ECLI:NL:RBGEL:2022:1141
Rechtbank Gelderland
- Beschikking
- Rechtspraak.nl
Afwijzing verzoek om vergoeding van kosten rechtsbijstand in strafzaak wegens niet-ingeschreven advocaat
Op 24 februari 2022 heeft de Rechtbank Gelderland in Zutphen uitspraak gedaan in een beschikking betreffende een verzoek om vergoeding van kosten van rechtsbijstand. Het verzoek was ingediend door een verzoeker die in een strafzaak was betrokken, maar niet was verschenen op de zitting.
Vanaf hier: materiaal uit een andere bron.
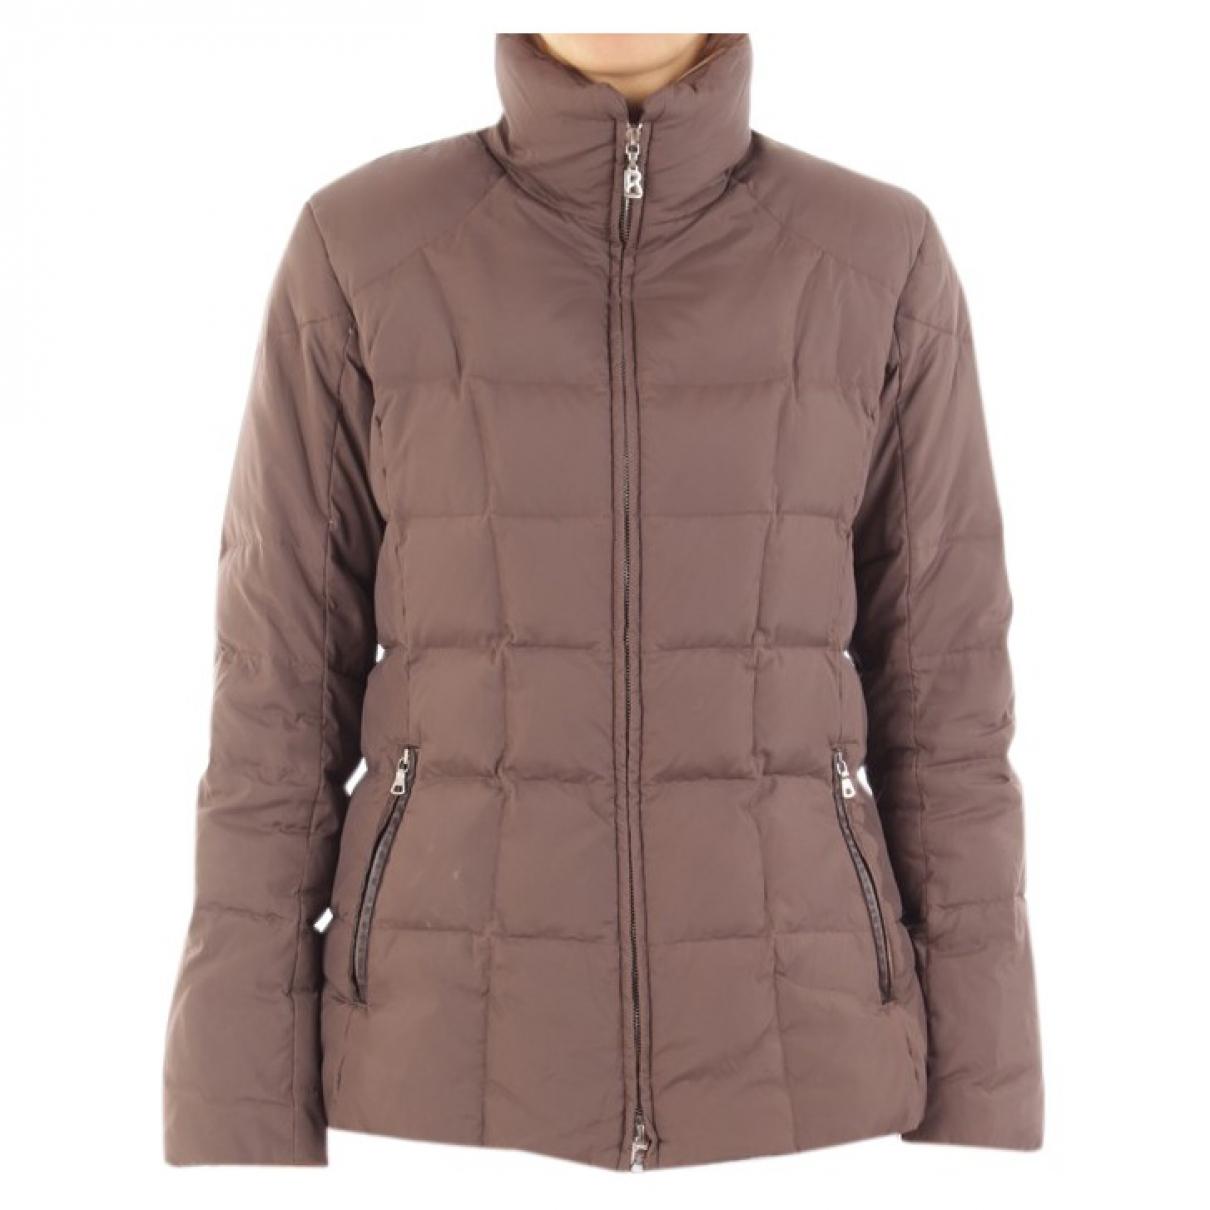 Bogner \N Brown jacket for Women 36 FR

De gemachtigde van de verzoeker, die niet als advocaat was ingeschreven bij de Nederlandse Orde van Advocaten, had verzocht om een vergoeding van € 1836,65 voor rechtsbijstand. De rechtbank heeft vastgesteld dat de kosten van rechtsbijstand niet voor vergoeding in aanmerking komen, omdat de gemachtigde geen toegelaten advocaat is. De rechtbank heeft daarbij artikel 530 van het Wetboek van Strafvordering (Sv) in aanmerking genomen, dat enkel kosten van rechtsbijstand door een advocaat die op het tableau staat ingeschreven, dekt. De rechtbank heeft ook verwezen naar eerdere uitspraken die bevestigen dat de kwaliteitseisen en tuchtrechtelijke toezicht voor advocaten niet van toepassing zijn op andere rechtsbijstandverleners. De rechtbank heeft het verzoek afgewezen, omdat de kosten niet onder de reikwijdte van artikel 530 Sv vallen. De beslissing is openbaar uitgesproken en er staat hoger beroep open binnen een maand na betekening.